From Coupling To Autoregression

In coupling, one block conditions another block.
In the extreme case, each coordinate can depend on all previous ones.

Autoregressive Flows

Define

x_i = h\big(u_i;\eta_i(x_{1:i-1})\big), \qquad i=1,\dots,D.

Then the Jacobian is triangular:

\frac{\partial x_i}{\partial u_j}=0 \qquad \text{for } j>i,

Why The Mask?

A naive approach would use D different neural networks, one for each conditioner \eta_i.
MAF uses one shared network instead.
This network takes x as input and outputs all conditioner values \eta_i at once.
The mask zeroes connections from x_j to \eta_i whenever j\geq i so \eta_i still depends only on x_{1:i-1}, but parameters are shared.

Masked Autoregressive Flows

u_i = h^{-1}\big(x_i;\eta_i(x_{1:i-1})\big), \qquad i=1,\dots,D.

Inverse x \mapsto u:
- one masked-network evaluation
- then D scalar inversions, usually closed form
- total: C_\eta + O(D)

Masked Autoregressive Flows

Log determinant:

\log \left|\det J\!\big(f^{-1}\big)(x)\right| = \sum_{i=1}^D \log \left| \frac{\partial}{\partial x_i} h^{-1}\big(x_i;\eta_i(x_{1:i-1})\big) \right|.

Cost C_\eta + O(D).

Masked Autoregressive Flows

x_i = h\big(u_i;\eta_i(x_{1:i-1})\big), \qquad i=1,\dots,D.

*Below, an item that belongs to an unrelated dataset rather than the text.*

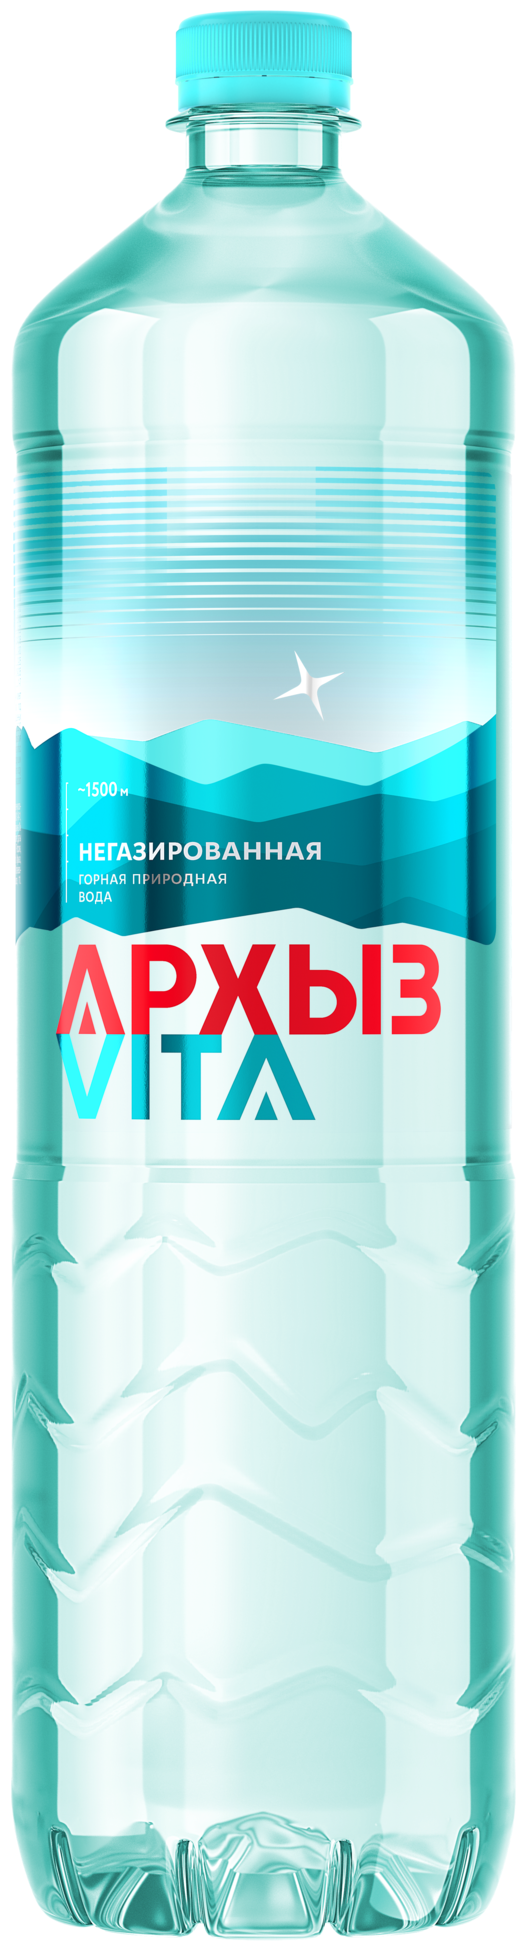 Вода минеральная негазированная "Архыз" Vita 1.5 л, Россия - фотография № 3

Forward map / sampling u \mapsto x:
- sequential, because x_i depends on x_{1:i-1}
- after generating x_1, we can compute x_2, then x_3, etc.
- total: roughly D\,C_\eta + O(D)

Illustration

A very simple visual comparison is in:

Notebook 1

Back to the Satellite Problem

The full SBI example is in:

Notebook 2 satellite_sbi/notebooks/minimal_sbi_satellite_joint_demo.ipynb

Conclusion

Simulation-based inference reduces the problem to learning p(\theta \mid x) from simulations.
Normalizing flows are useful because they keep exact densities and efficient sampling.